By acknowledging the strategic temptation (base consolidation in decline) while prescribing normative limits, you avoid both piety and cynicism. The work is pedagogically strong, ethically lucid, and strategically sober—a compact civic catechism for how a diverse republic can stay a republic through the holidays. [AI Review]
First things first:
There are things that we believe to be true, and things that we can prove to others. And, in matters of social interaction, why people do things and whether we can prove why people do things, are not the same thing.
The Holiday Season approaches, and, like many others, I am preparing ahead. [1, 2] The Holiday Season will include a lot of social interaction, including spreading seasonal joy by greetings. No one should desire to put a damper on the spreading of seasonal joy, but perhaps that begs the question for us to address. [3]
Now, for example, if my celebrity friend, Pastor Phil Henry, or the Catholic Pope, or a local priest, or the President of (Catholic) Duquesne University, should say, “Merry Christmas,” or if a rabbi should say “Happy Hannukah,” we accept these greetings as socially proper.

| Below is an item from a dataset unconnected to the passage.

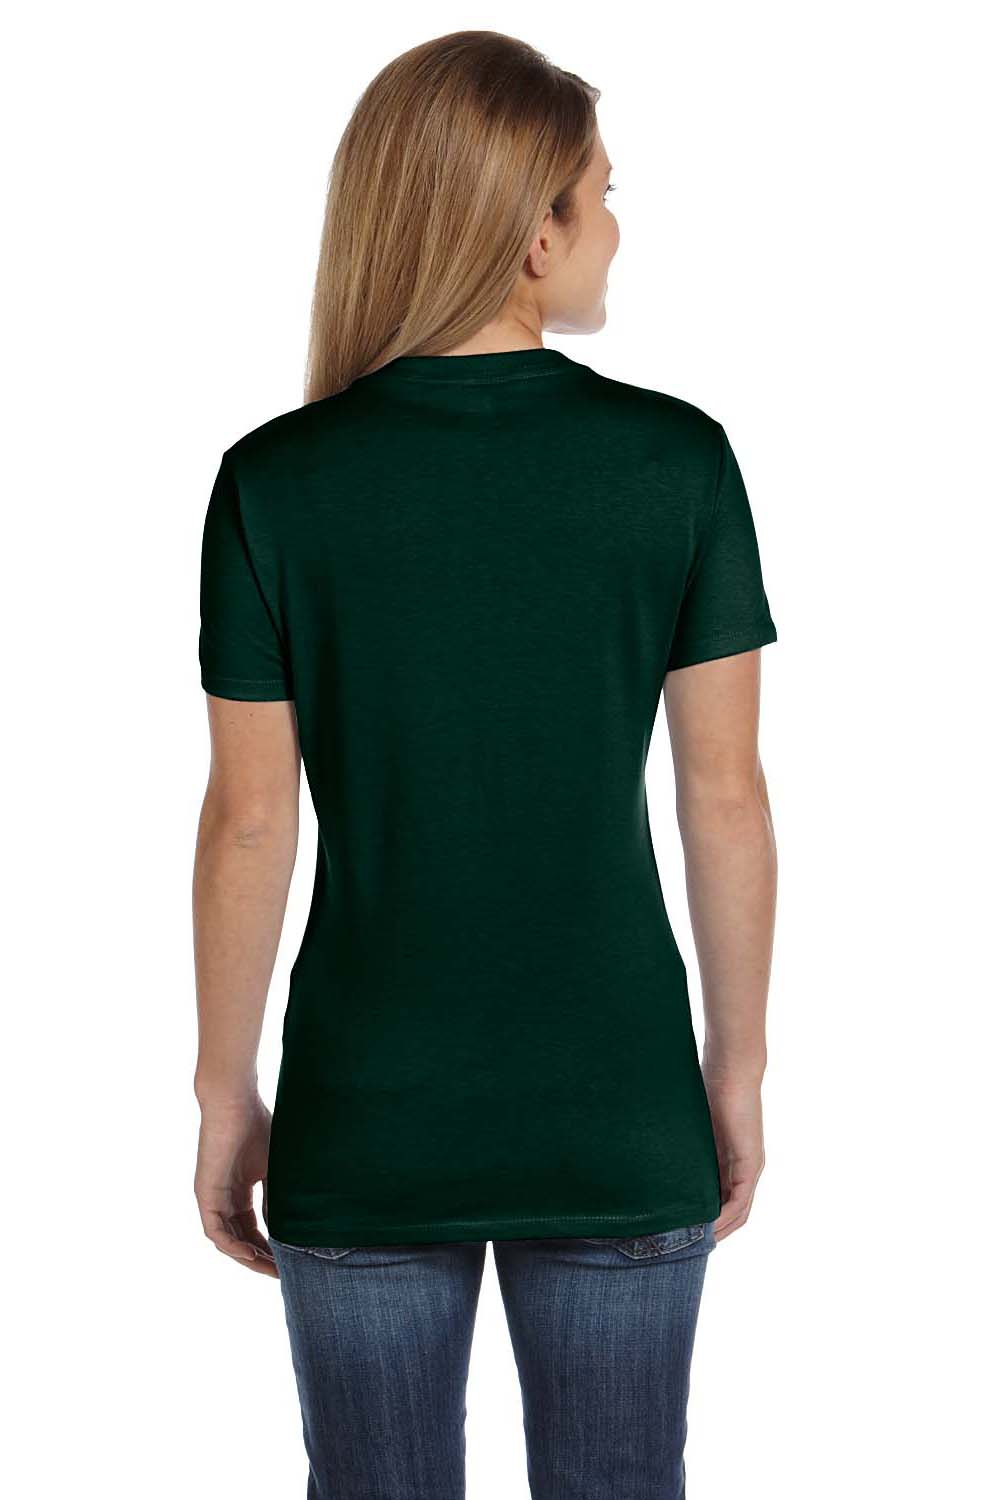 Hanes S04V Womens Nano-T Short Sleeve V-Neck T-Shirt Forest Green Back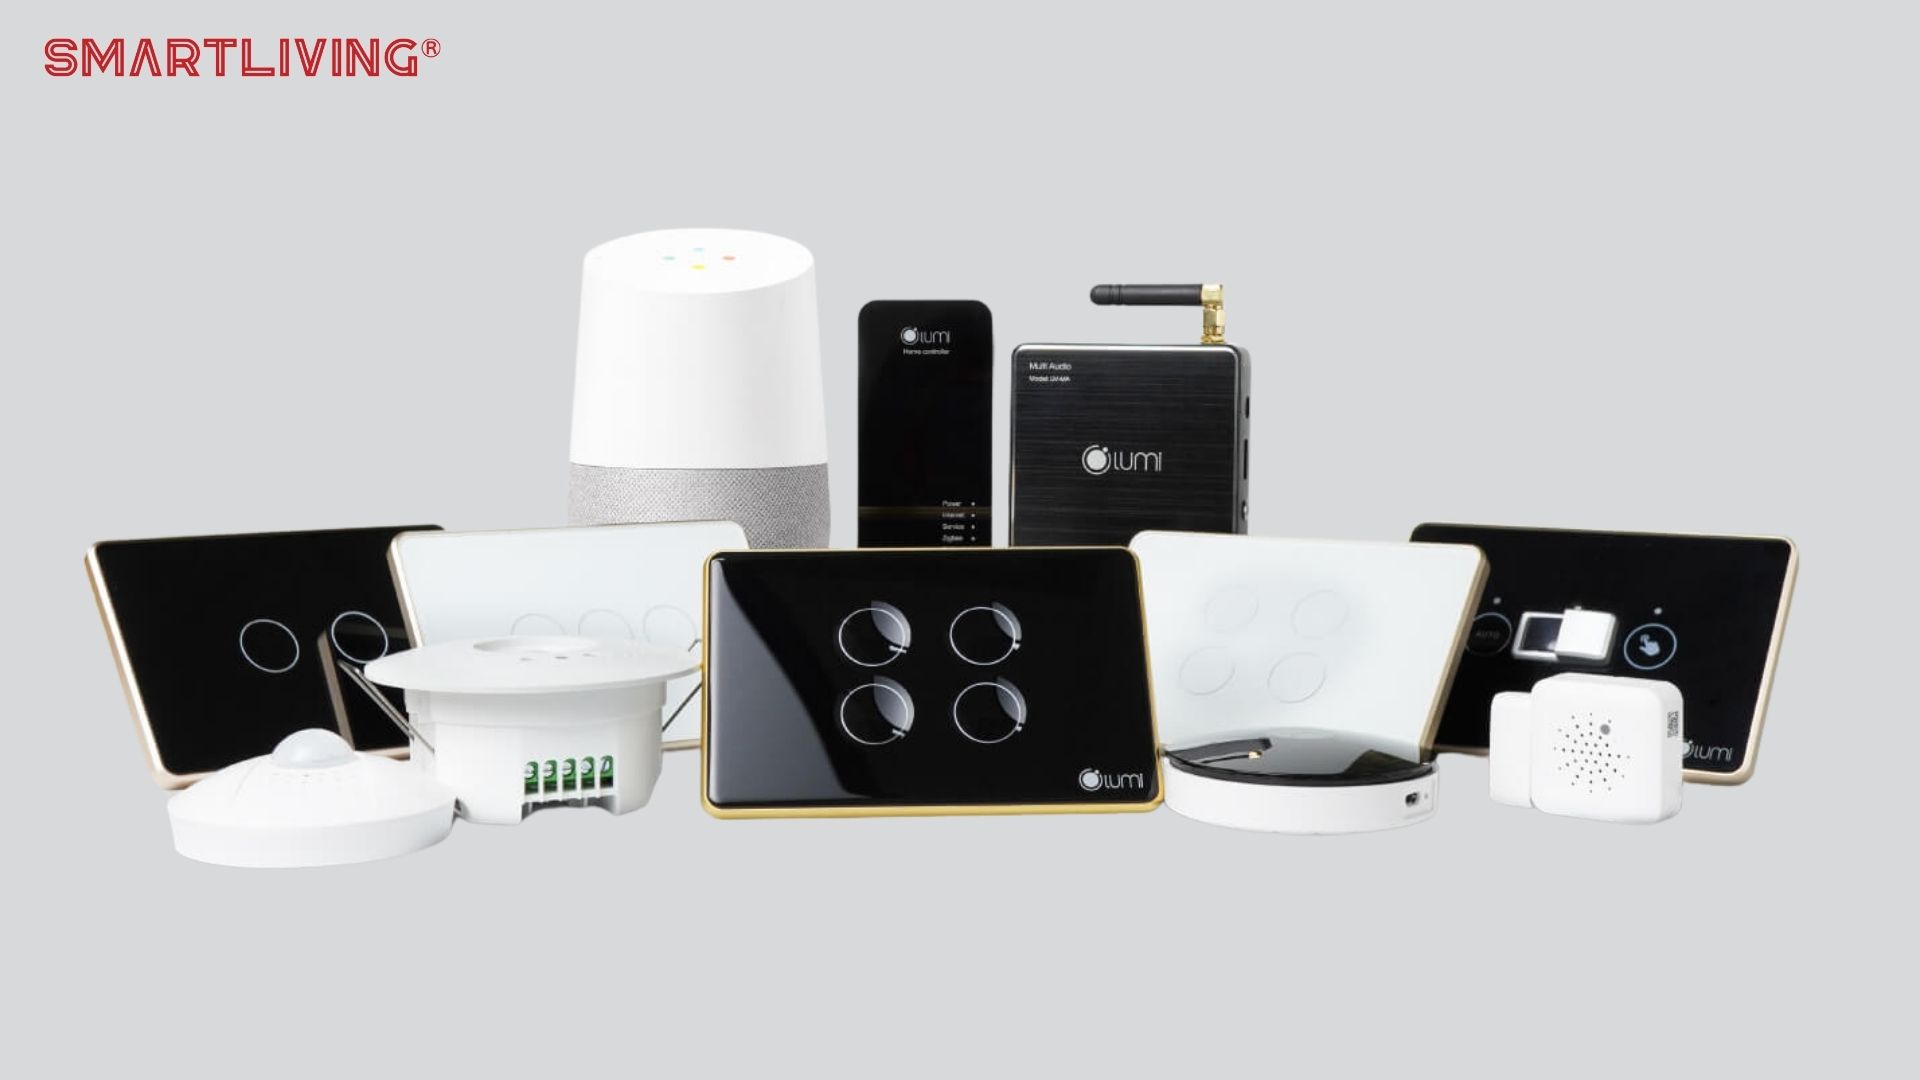 Lumi Smart Home là một trong các hãng nhà ở thông minh tại Việt Nam sử dụng chuẩn kết nối không dây Zigbee

The reason we accept these greetings as socially proper is because we socially respect that these titled leaders are expressing, by implication, the principles of association that they profess by their respective primary identity and leadership role (often by “ordination.”) Perhaps this is self-evident—thusly, it is not overly interesting (at least to me).
When considering groups where a titled role with primary identity is not the issue, the issue becomes one of the attribute of association that binds the group as a group. [4] Christians “bind” on the attribute of Christianity, Muslims bind on the attribute of Islam, Jews bind on the attribute of Judaism, and so on. Shared religious doctrine—at some tier of doctrinal alignment—is the tie that binds the group members. Therefore, we naturally expect members who voluntarily associate—and are bound as a group by a religious attribute—to say “Merry Christmas” at Christian weekly services or for Jews to say, “Happy Hannukah” at the synagogue. Perhaps this is also self-evident—thusly, it is not overly interesting.
There is no cause for controversy for the above two contexts: the former is by leadership role identity and the latter is by voluntary acceptance of the attribute of group association. Thusly, again, those conditions are not overly interesting.
When we move the context for the greetings from certain role identity (titles) or group-assenting members, into general society, it starts to get interesting (at least to me).
The reason it gets interesting is because we need to find the “social alignment” of principles of (social) association by attribute (the tie that binds) to the implemented social interaction. Without that implemented social alignment—principles matched to conduct—we are within the space of mean social hypocrisy by failure of social discipline. I will explain.
If the general political system’s principle of association is the attribute of religion—thereby being a religious theocrasy—then general social society is tantamount to being in church, all the time. Therefore, it is not interesting for everyone on the street to be greeting each other in any manner that binds the group by the doctrine of the espoused religious attribute. And it does not matter if the theocracy is dictatorial by a “top-down obey” structure or a democratic structure of an elected religious set of principles by vote and volume; to wit:
If the general social association is by the attribute of a religion, it is a theocracy by definition.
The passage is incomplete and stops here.